My Shark lives in my unheated garage shop along with the PC/Monitor that runs it. When it was my only CNC I would be cutting student projects on it no matter the temperature. The cold never seems to bother the PC or CNC and having booted it up for a test cut today (below freezing here) I was still impressed that it ran with no problems. 

I'm the one who doesn't like being out there in the cold though, so my Meteor occupies an otherwise unused room in my basement. I believe it was a pool room for the previous owner as it is overlit. Love the light though and have now put a bench down there with a router embedded in it as well as a small band saw. Band saw used for cutting CNCed parts apart, and the table router with a flush trim bit for trimming off any tab remnants.


----------



## curiousgeorge (Nov 6, 2006)

Raven13 said:


> Hi George,
> Boy did I like your post. That is great information and to hear how pleased you are with that unit, really makes me want to investigate it further as a solution. One of my concerns is putting a computer in unconditioned space. Very hot in the summer and very cold in the winter without running space heaters. Electronics don't like that stuff so being able to use a house based computer and transfer data on a USB is a big plus for me. I appreciate that you also spoke about the available patterns on line and the ability to custom design work. Thanks again for your post and look forward to speaking more.
> Jeff


Jeff,
I noticed in a previous post that you were worried about having to learn programming for the CNC. There is no programming involved with the CarveWright. After you design your pattern and upload to the memory card to transfer to the machine it is automatically converted to machine code for you, ergo no programming (by you) involved. The CarveWright designer program does it for you. If you would like to give the program a try you can download a trial version from their website and play around all you want. You just won't be able to save any of the patterns you make.


----------



## RainMan 2.0 (May 6, 2014)

4D I went to the fireball site and was quite impressed as I watched the assembly and use right from beginning to end . I would mostly like to build 3D pictures someday so I think the asteroid would suit me . Do you guys often see a need for a bigger table than 24"- 36" ?


----------



## 4DThinker (Feb 16, 2014)

RainMan1 said:


> Do you guys often see a need for a bigger table than 24"- 36" ?

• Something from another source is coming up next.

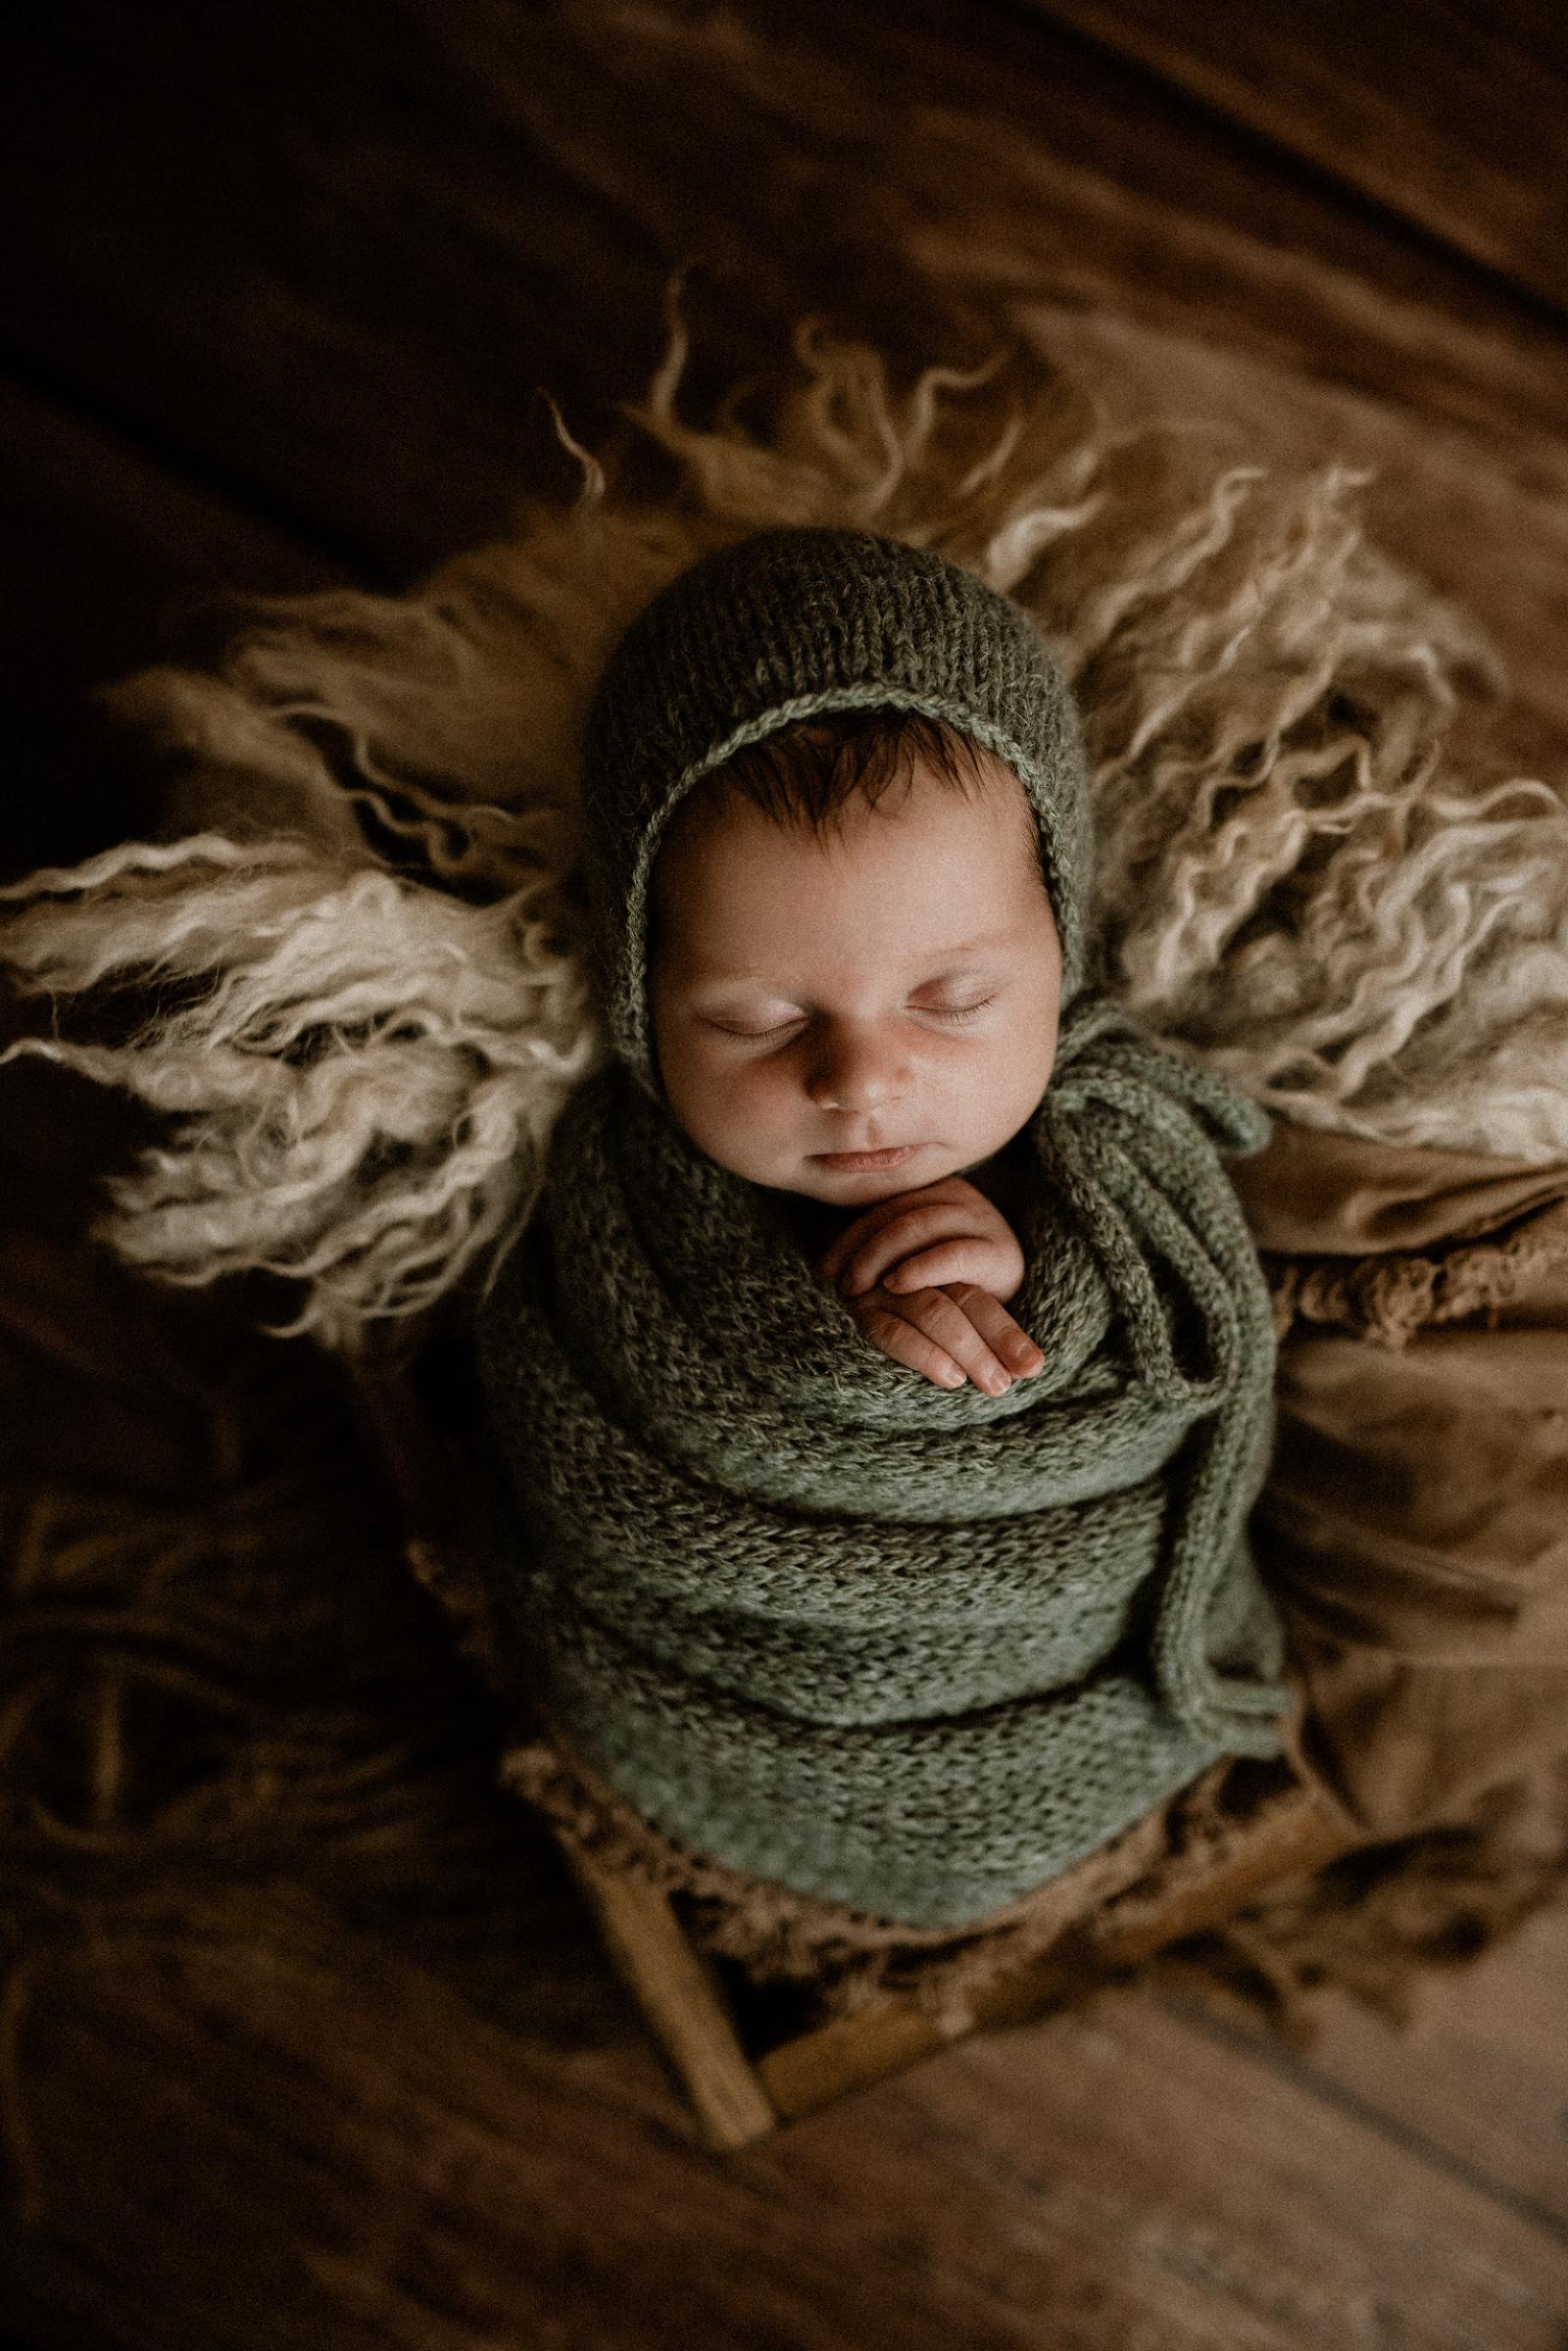 photographe nouveau né naissance angoulême

 The CNCs around me are most often used for cutting/carving parts for furniture pieces. When all we had was a 24x24 Shark it did handle about 90% of what students needed to cut. We have a full shop though, and so can easily cut down a large board or sheet of plywood to fit on the bed. 

The Meteor with 48" of length now handles the last 9% of demand that couldn't be cut on the Shark. Sometimes it is a long part. Sometimes it more efficient yield of parts from a 24"x48" piece than it would have been with a 24" length limit. My University also has a 5' x 10' Multicam CNC for the last 1% of demand that can't possibly be cut on anything smaller. 

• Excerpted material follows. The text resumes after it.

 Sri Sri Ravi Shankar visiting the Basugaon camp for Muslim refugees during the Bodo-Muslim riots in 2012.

I think you'll be fine with an Asteroid 24" x 36" though. VCarve has tiling options to help cut projects that are bigger than the bed if that should ever happen. The footprint will be smaller than that of the Meteor. The price will be a little lower. Everything else is the same so it sounds like a win to me. 

4D


----------



## bgriggs (Nov 26, 2008)

I mentioned earlier some lower priced option and there are many. In the mid range price point it is hard to beat making your own machine. There are many good plans available, however many don't want to build.

For those that don't want to build I suggest they look at the Camaster Stinger, Shopbot desktop, Laguna HHC IQ, Shopbot Buddy. All of these are good solid machines available between $5K-10K.

Bill


----------



## RainMan 2.0 (May 6, 2014)

4D the meteor may be good option too . At one time I wanted a 4'/8' table , but because of the foot print size and cost it's had me rethinking a smaller one . When I think about it , 50"/24" should fit well enough in what's left in my garage for space . 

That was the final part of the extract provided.